I used Debian software raid, because I have not notice, there is a Marvell Raid Controller included. On the other hand, hardware RAIDs are often not too good. Debians Software RAIS is very good, so it works like that.
In BIOS, Marvell RAID Controller is still set to RAID Mode. Shall I disable it? shall I reinstall without Linux software Raid? Any ideas on that?
One last thing, Grub wanted to be installed on my stick during installation. I was very tired and was not sure, how to change device…so I just pulled the stick out without unmounting :-S … It worked… System is running now… lucky me.
Hope, some of my hints can help the one or the other.
Cheers
Something could be ambiguous… so: Copy just the “rtl8168d-2.fw” on your stick, not the whole “data.tar.gz”…
Sorry for that.
Thank you, Jones! I’m glad to know that this site was helpful. Thank you for the hints, too. I’m sure they will be helpful to others.

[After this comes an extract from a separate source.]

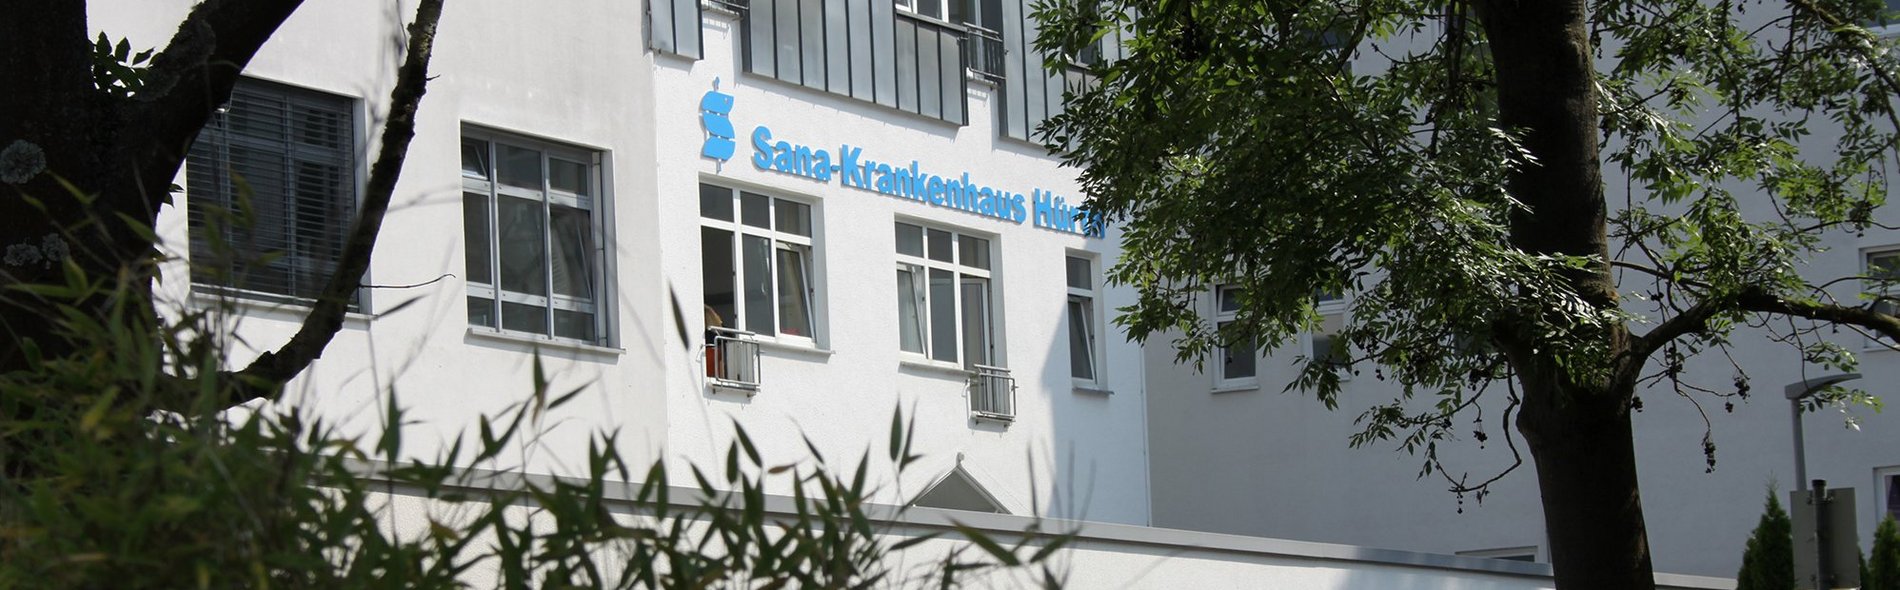 Haupteingang des Sana-Krankenhauses Hürth (Foto: Stefan Mülders)
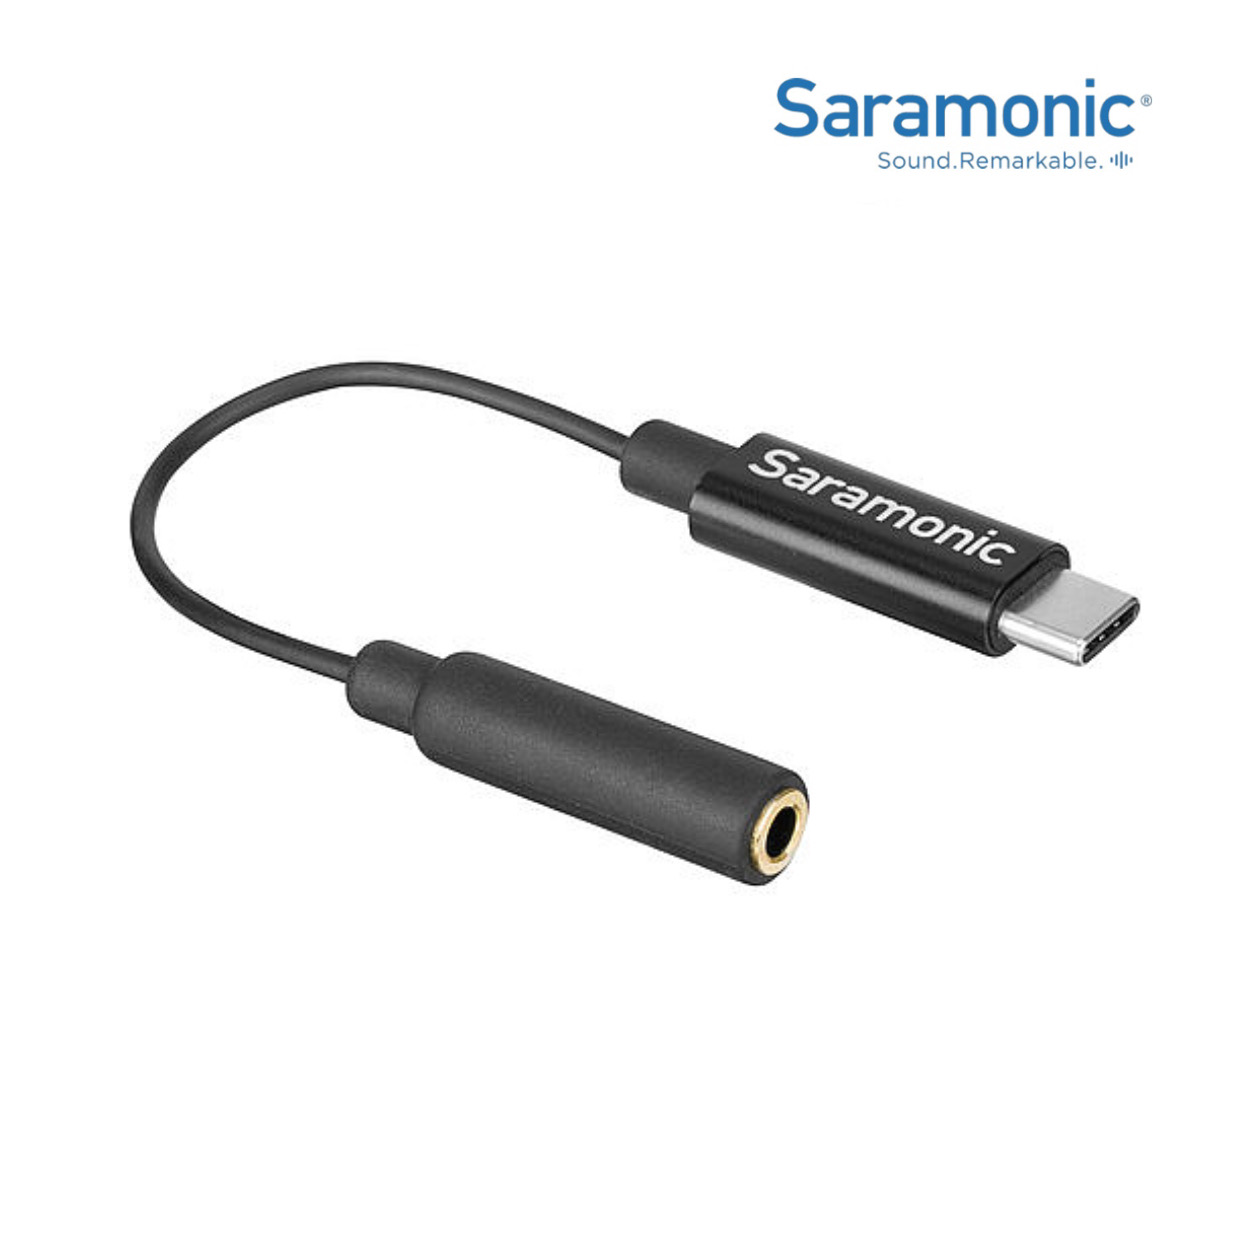  ‏Saramonic وصلة للسماعة USB إلى Type-c

Simple question… I would like to put in a second hard drive. I need to get the case off. Do I just undo the two thumb screws and then force it off. It doesn’t seem to want to easily come off. Thanks for any help you can offer.
Lance, yes, undo the two thumbscrews. Shouldn’t need much force to remove it. It sounds like it might be a little stuck. Try using a plastic fork to wedge it apart. Then you will have to remove three screws to remove the HD cage.
I replaced both hard drives in my TS Mini, now I can’t use the OS restore DVD. How can I restore my System? Thanks for the help.
Hi, Helder. Why can’t you use the restore DVD? It’s designed to install WHS over a network from a client PC. Go to this post: http://www.tsmini.info/2009/12/04/heres-the-manual/ and download the user’s manual if you haven’t got it. The process to install the OS on a new hard drive starts on pg. 96.
My status indicator light is blinking, I run the restore application on a home PC, but it cannot locate my home server. I’ve tried several times with no success.
Did you just purchase the tsmini or have you been using it for some time? Make sure your client PC and server are wired to the network (not wireless). If all else fails, I would clone the original hard drive to the new hard drive.
Jeff, I purchased my TS Mini about 18 months ago. I simply tried to replace the drives. If I wanted to take you up on the offer to clone a drive, how can we proceed? Thanks for the help.